1. An integrated microbial desalination cell-constructed wetland apparatus, comprising:

a plurality of layers of artificial wetland substrates distributed in the vertical direction;

the microbial desalting cell electrodes are arranged in the middle and the intersection of the upper and lower layers of matrix materials and are connected in pairs through external circuits;

the ion exchange membrane is horizontally arranged between the battery electrodes in the two adjacent layers of artificial wetland substrates;

emergent aquatic plants are planted on the topmost artificial wetland substrate, and the roots of the emergent aquatic plants are planted close to the battery electrodes in the topmost artificial wetland substrate;

the water inlet is connected with one side of the bottom layer artificial wetland matrix and is used for conveying the eutrophic seawater to be treated to the bottom layer artificial wetland matrix;

and the water outlet is connected with the other side of the topmost artificial wetland substrate and is used for discharging the desalted seawater.

2. The integrated microbial desalination cell-constructed wetland apparatus of claim 1, wherein the microbial desalination cell electrode is a graphite felt.
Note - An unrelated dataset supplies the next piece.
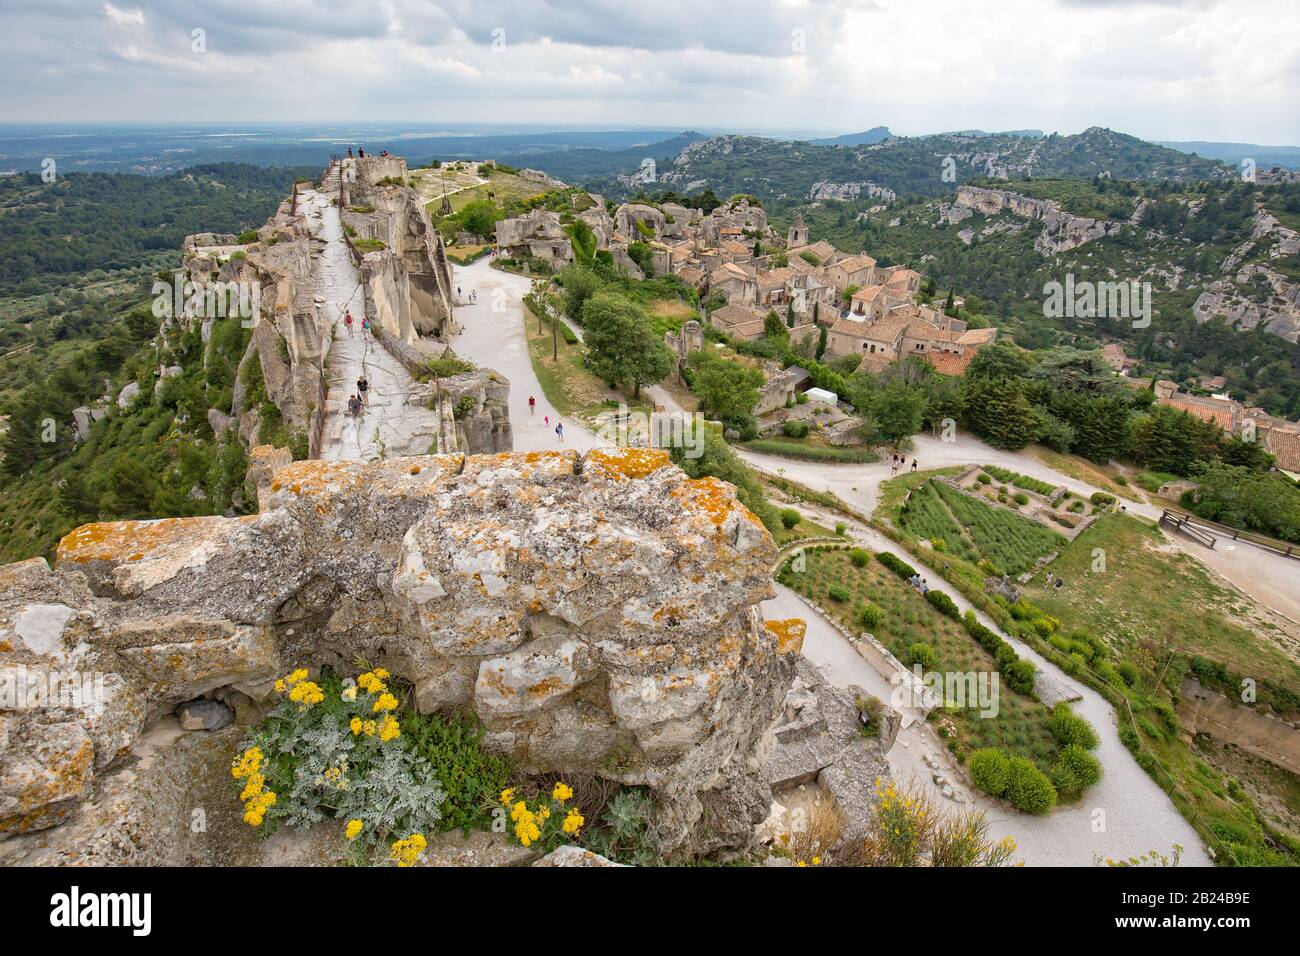 Les Baux-de-Provence, Provenza, Francia - Jun 05 2017: El castillo ofrece una magnífica vista sobre el valle de Baux, viñedos y campos de olivos Foto de stock
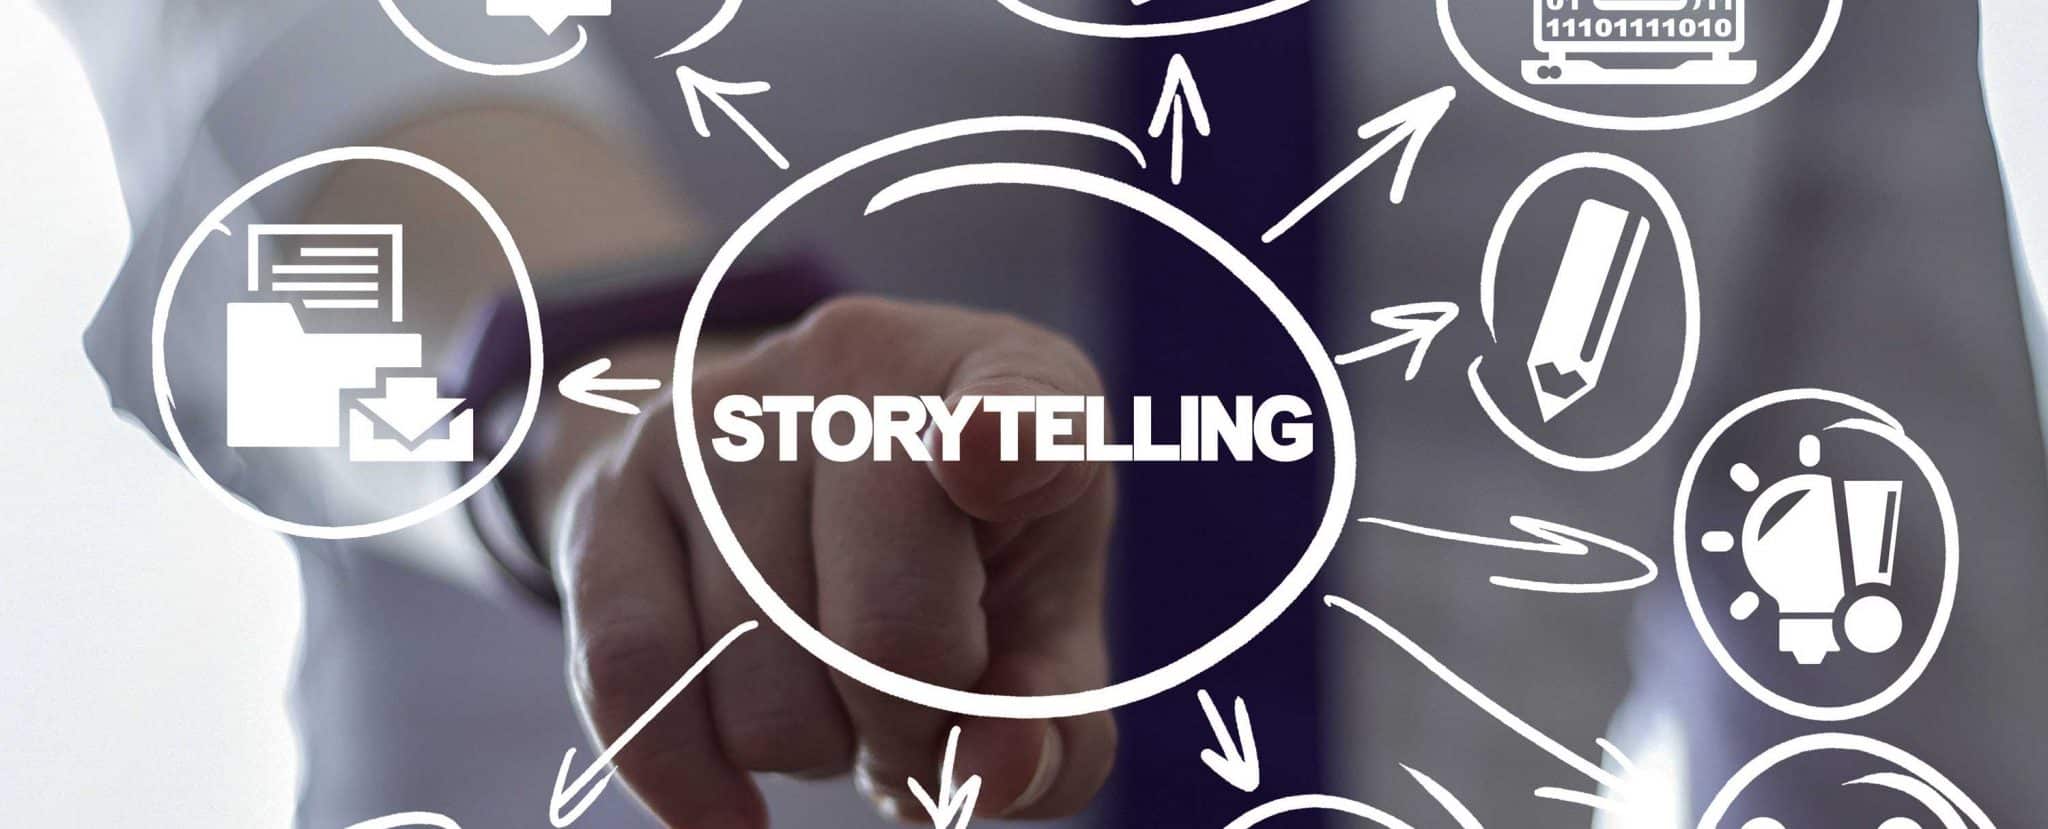 Storytelling für IT-Unternehmen

3. The integrated microbial desalination cell-artificial wetland device of claim 1, wherein two layers of the ion exchange membranes are arranged between the electrodes in the two adjacent layers of artificial wetland substrates, namely a cation exchange membrane and an anion exchange membrane from top to bottom, and a distance is reserved between the adjacent ion exchange membranes.

4. The integrated microbial desalination cell-constructed wetland apparatus of claim 1 wherein the water inlet is connected to the water tank by a peristaltic pump.

5. The integrated microbial desalination cell-constructed wetland apparatus of claim 1, wherein the eutrophic seawater to be treated by the integrated microbial desalination cell-constructed wetland apparatus covers at least 2cm of the surface layer of the topmost constructed wetland substrate.

6. The integrated microbial desalination cell-artificial wetland device of claim 1, wherein the emergent aquatic plants are selected from any one or more of salt-tolerant canna, calamus, cattail, reed, loosestrife, iris, juncus effuses, salicornia and allium fistulosum.